Aidong Zhang adds machine learning expertise to biomedical data sciences at UVA
charliefeigenoff@gmail.comOne measure of the success of UVA’s campaign to take its place as a national leader in the data sciences is its ability to attract highly regarded researchers to join the faculty. If Aidong Zhang’s decision to join UVA Engineering is any indication, the University is well on its way.
Zhang has been singled out for some of the most prestigious honors in her field. She is a Fellow of the Institute of Electrical and Electronics Engineers (IEEE) and a Fellow of the Association for Computing Machinery (ACM) for her contributions to bioinformatics, data mining and multimedia data indexing. Furthermore, she comes to Grounds from a three-year stint as a program director for the National Science Foundation’s Division of Information and Intelligent Systems. NSF program directorships are traditionally reserved for senior scholars chosen for their breadth of experience and vision for the future.
When she visited Charlottesville, Zhang met with Philip Bourne, director of the Data Science Institute and a professor of biomedical engineering, as well as faculty from both the computer science and biomedical engineering departments. “I was impressed by the support at the highest levels for the data sciences, the opportunities for interdisciplinary collaboration and, in particular, by the strong interest in applying machine learning to a variety of biomedical applications, which is my specialty,” Zhang said. “I thought this would be a great environment for me.”
As part of the University’s cluster hiring program, which seeks faculty members who work in a particular interdisciplinary field with the potential for broad social impact, Zhang joined UVA Engineering as a William Wulf Faculty Fellow and Professor of Computer Science with joint appointments in Biomedical Engineering and the Data Science Institute. The extent of this appointment reflects the range of her interests.
![]()
"Biomedical researchers face a classic ‘Big P Small N’ problem. The data they collect tends to be highly multidimensional—the parameters they track might include genomic data, for instance, as well as clinical data—but the number of samples they study is typically small, covering less than 1000 patients. "

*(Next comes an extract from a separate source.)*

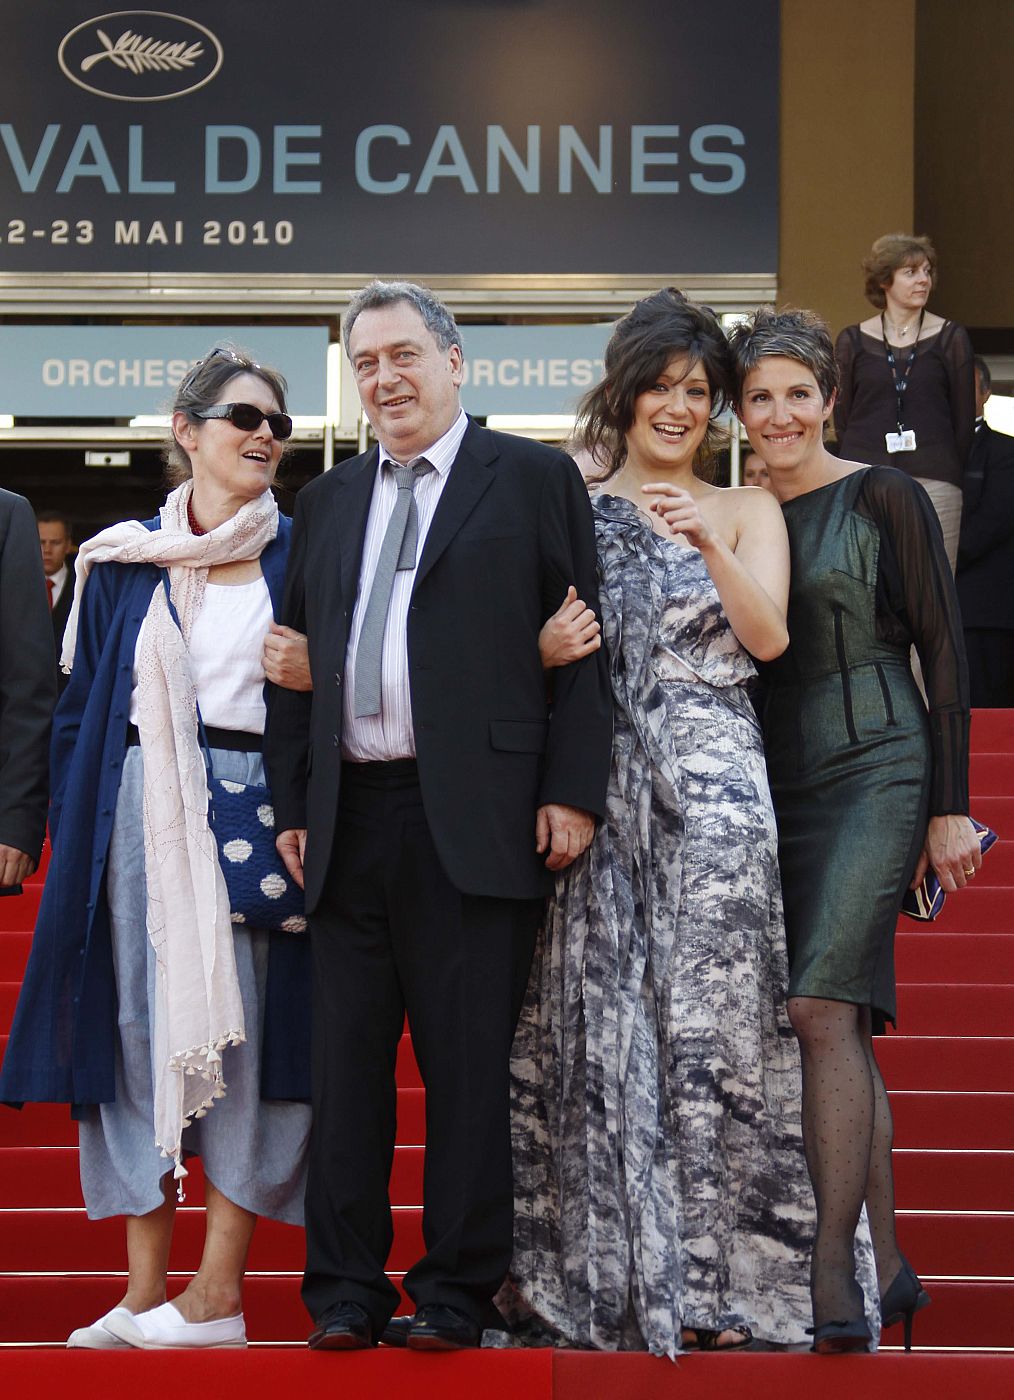 Director Stephen Frears poses with an unidentified women and cast member Tamsin Greig on the red carpet as they arrive at the 63rd Cannes Film Festival
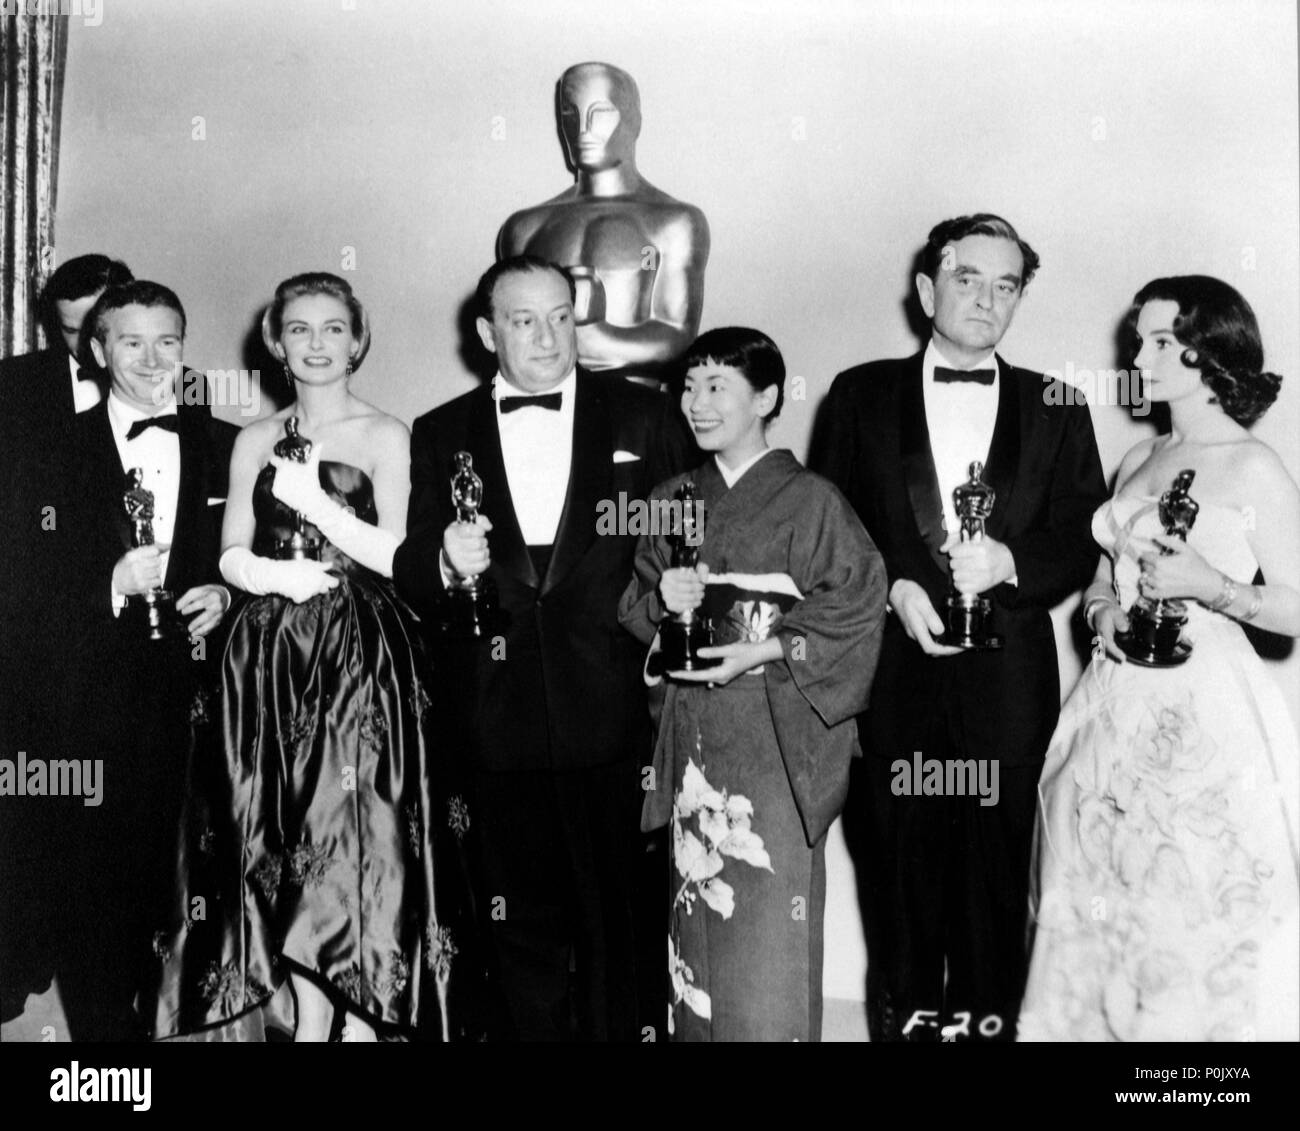 Description: The 30th Academy Awards / 1958.   Jeanne Simmons picks up on behalf of Alec Guinness the prize to the best actor for ' The Bridge on the River Kwai'. Red Buttons, best actor in supporting role for 'Sayonara'. Joanne Woodward, best actress for 'The Three Faces of Eve'. The producer, Sam Spiegel receives the best picture award for 'The Bridge on the River Kwai'. Miyoshi Umeku, best actress for 'Sayonara'. David Lean, best director for 'The Bridge on the River Kwai'..  Year: 1958.  Stars: RED BUTTONS; JOANNE WOODWARD; DAVID LEAN; MIYOSHI UMEKI; SAM SPIEGEL; JEAN SIMMONS. Stock Photo

Aidong Zhang, PhD, William Wulf Faculty Fellow
Adaptive Machine Learning
For instance, one of the underlying principles of deep learning is that a substantial number of samples are required to draw valid conclusions. The more parameters, the more samples are needed.
“Biomedical researchers face a classic ‘Big P Small N’ problem,” Zhang said. “The data they collect tends to be highly multidimensional—the parameters they track might include genomic data, for instance, as well as clinical data—but the number of samples they study is typically small, covering less than 1,000 patients.” Zhang is designing adaptive machine learning to address this challenge.
Automated Indexing
Zhang is also applying her expertise in machine learning to make it easier for researchers to pull relevant information from the millions of publications and papers in the National Library of Medicine, which is maintained by the National Institutes of Health. Currently, these publications are indexed manually, a laborious process. Zhang and her students are participating in the ongoing BioASQ competition to develop ways to automate the indexing of these documents using standard medical subject headings. Last year, Zhang’s program outperformed all competitors for accuracy. “Many universities from around the world are participating in this competition,” she says. “We are very excited by our results.”
Personalized Medicine
In another instance of her far-ranging research, Zhang is working to overcome a critical barrier to the introduction of personalized medicine. In the future, physicians might offer personalized care to an individual based on the outcomes derived from applying machine learning to a cohort of similar patients. Doing this accurately requires algorithms capable of learning how to ensure that the base cohort is always similar in relevant ways to the patient, a problem that is compounded as a patient ages or his or her disease progresses.
“Our work will have a direct impact on how to measure similarity and define the precise group, at any moment, from which to build a personalized model,” Zhang said.